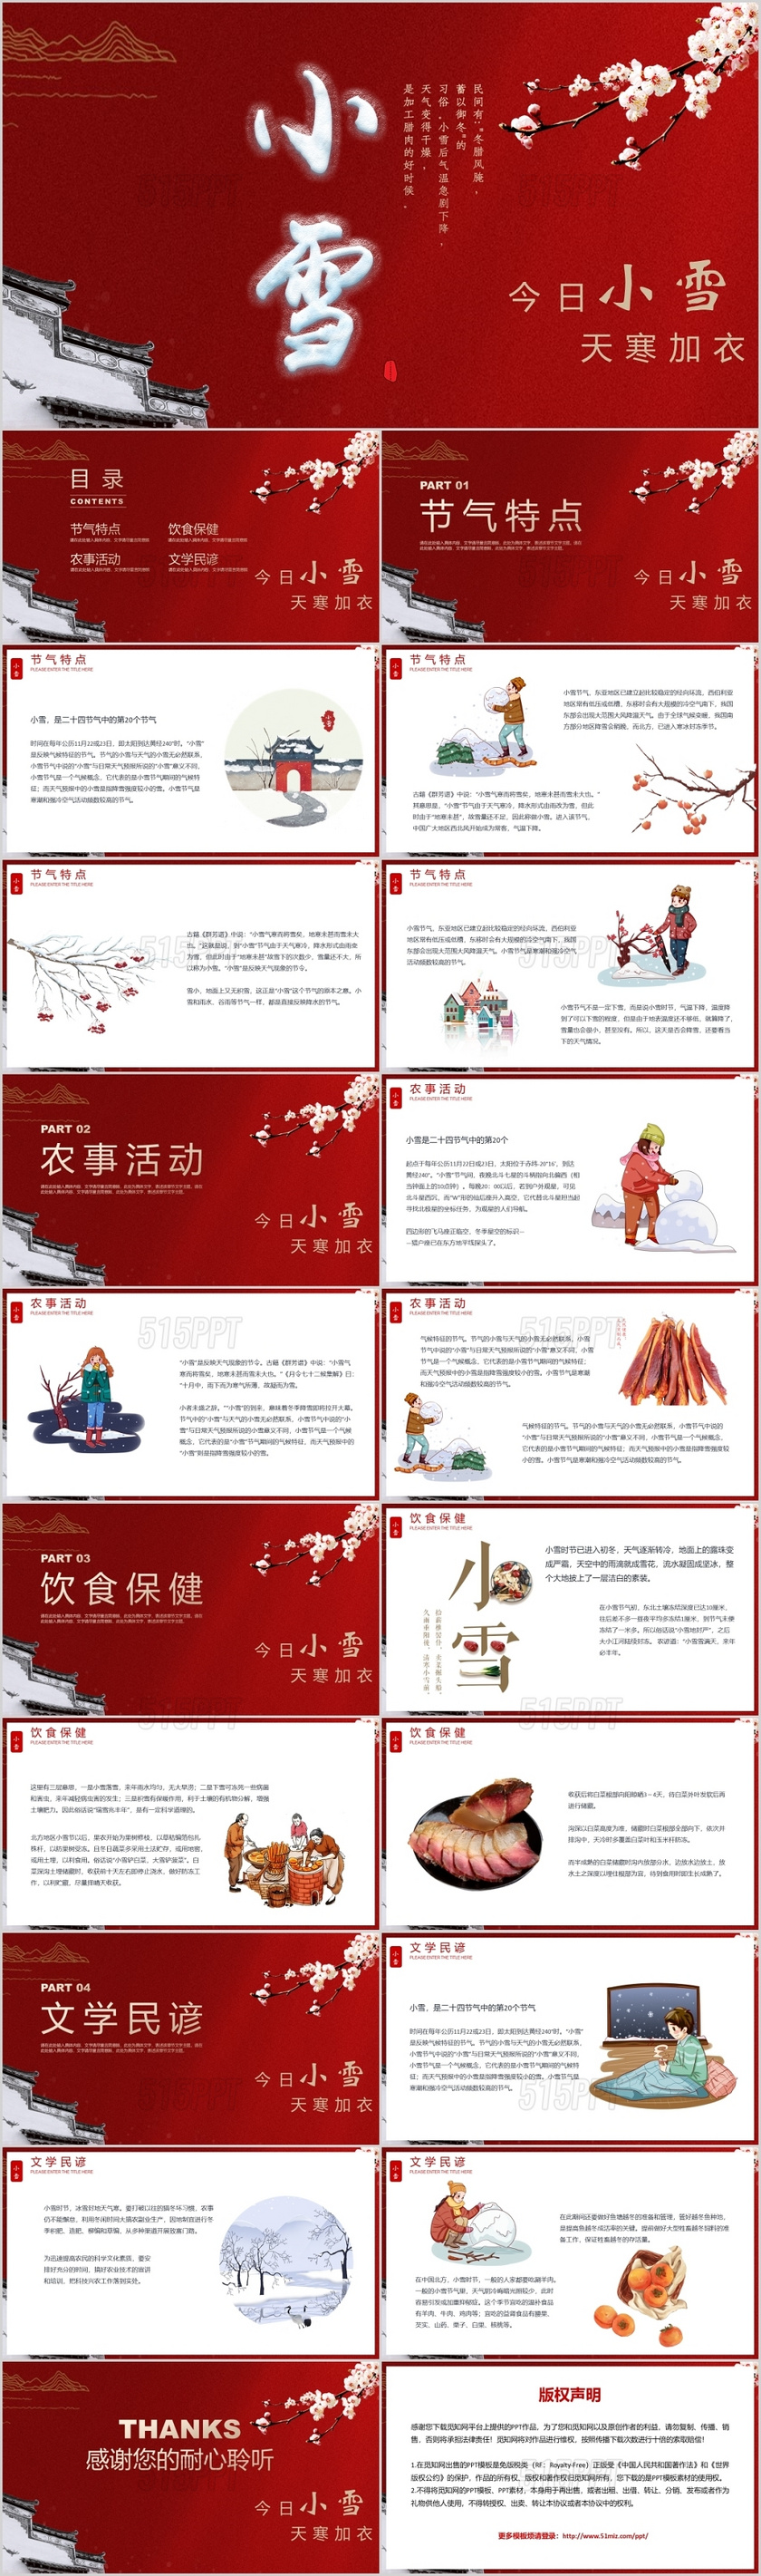 红色系卡通人物风格二十四节气之小雪节气介绍PPT模板
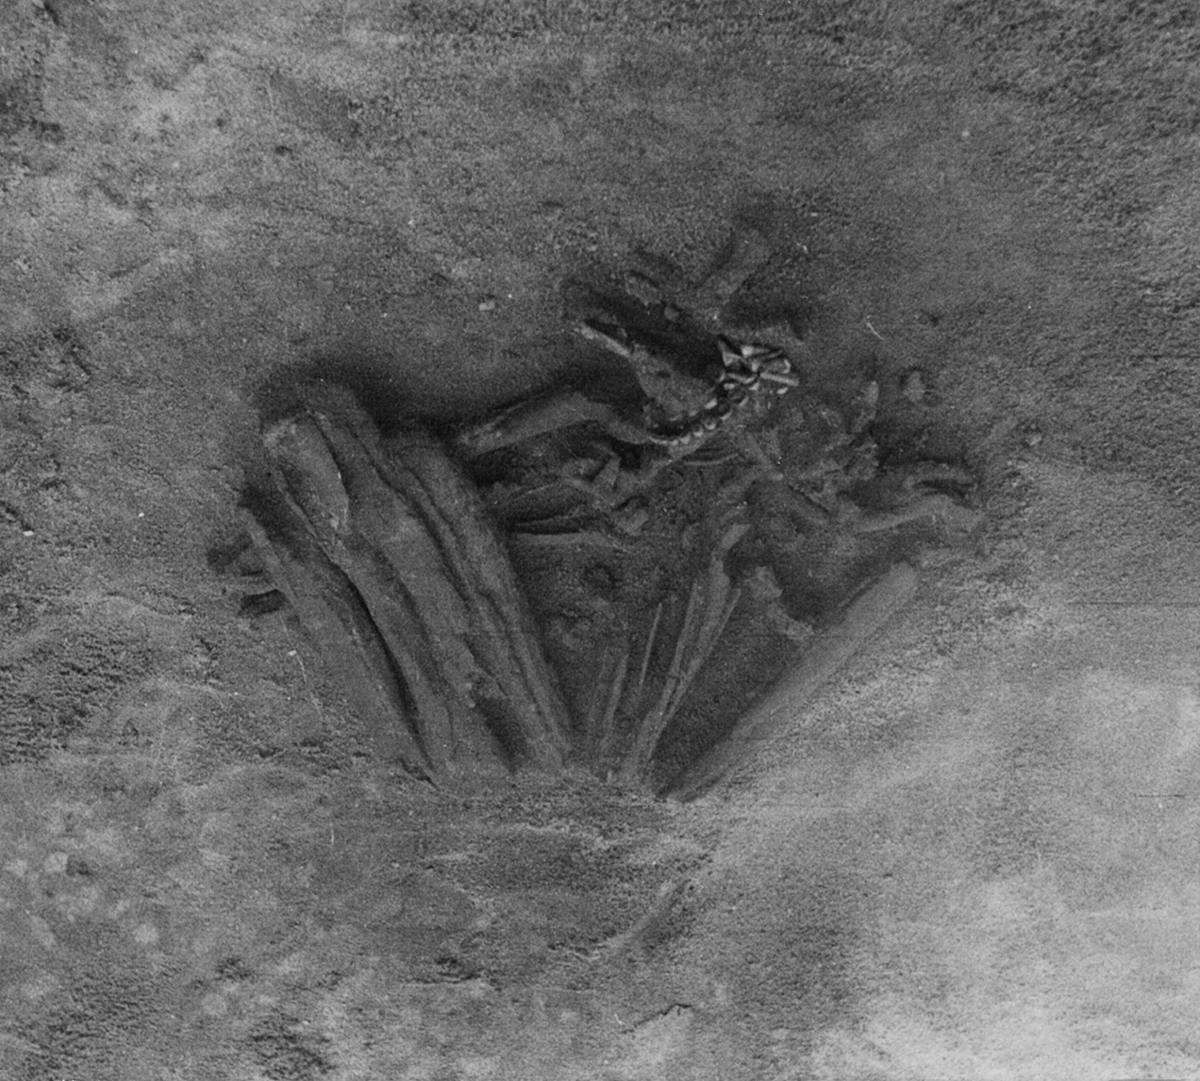 Археолози сада верују да су 8,000 година стари људски скелети из Португала најстарије мумије на свету 2
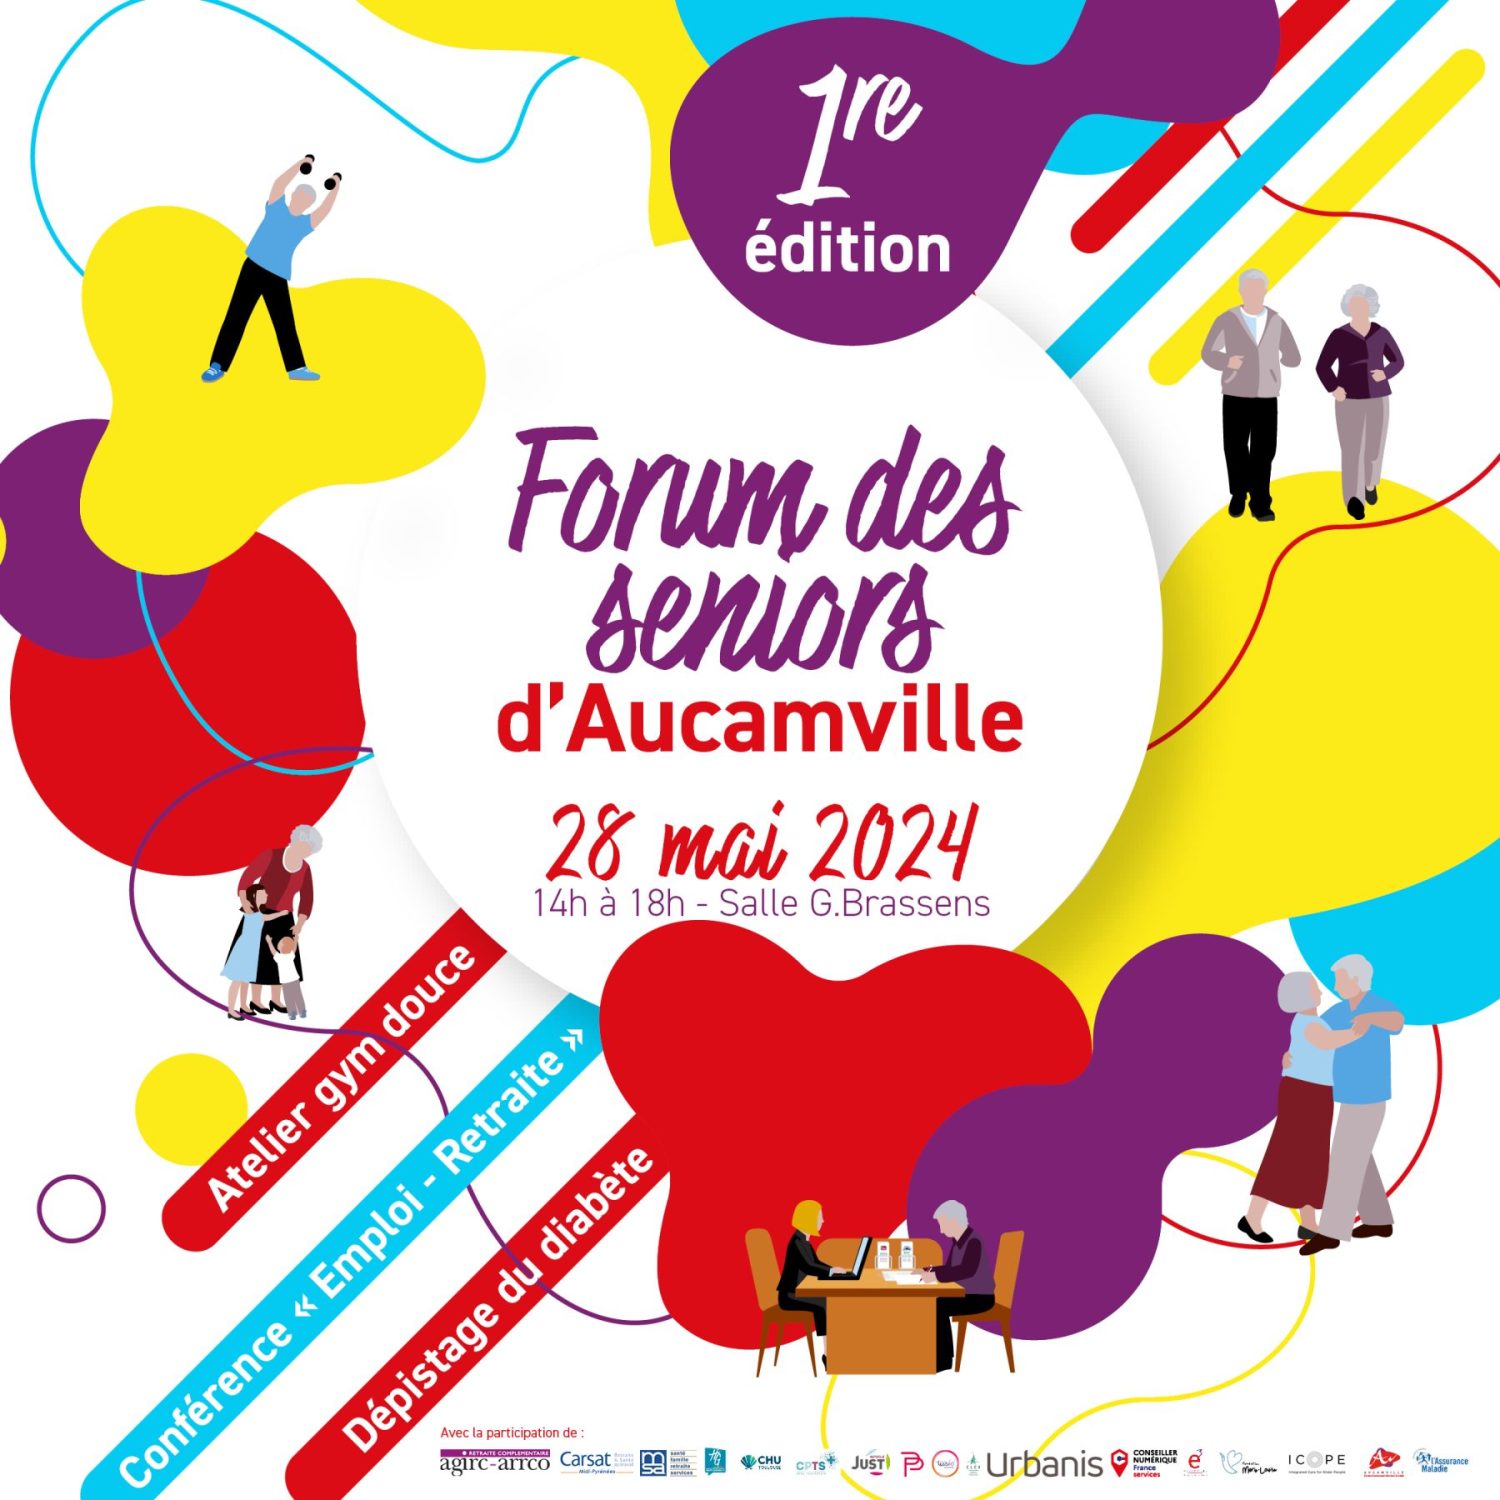 CCAS - Découvrez le 1er forum des seniors d'Aucamville !
▬▬▬▬▬▬
Task requirements |
Retype the material in full, exactly as written, and exclude the pictures.

Solution to this exercise |
 红色系卡通人物风格二十四节气之小雪节气介绍PPT模板
 Археолози сада верују да су 8,000 година стари људски скелети из Португала најстарије мумије на свету 2
 CCAS - Découvrez le 1er forum des seniors d'Aucamville !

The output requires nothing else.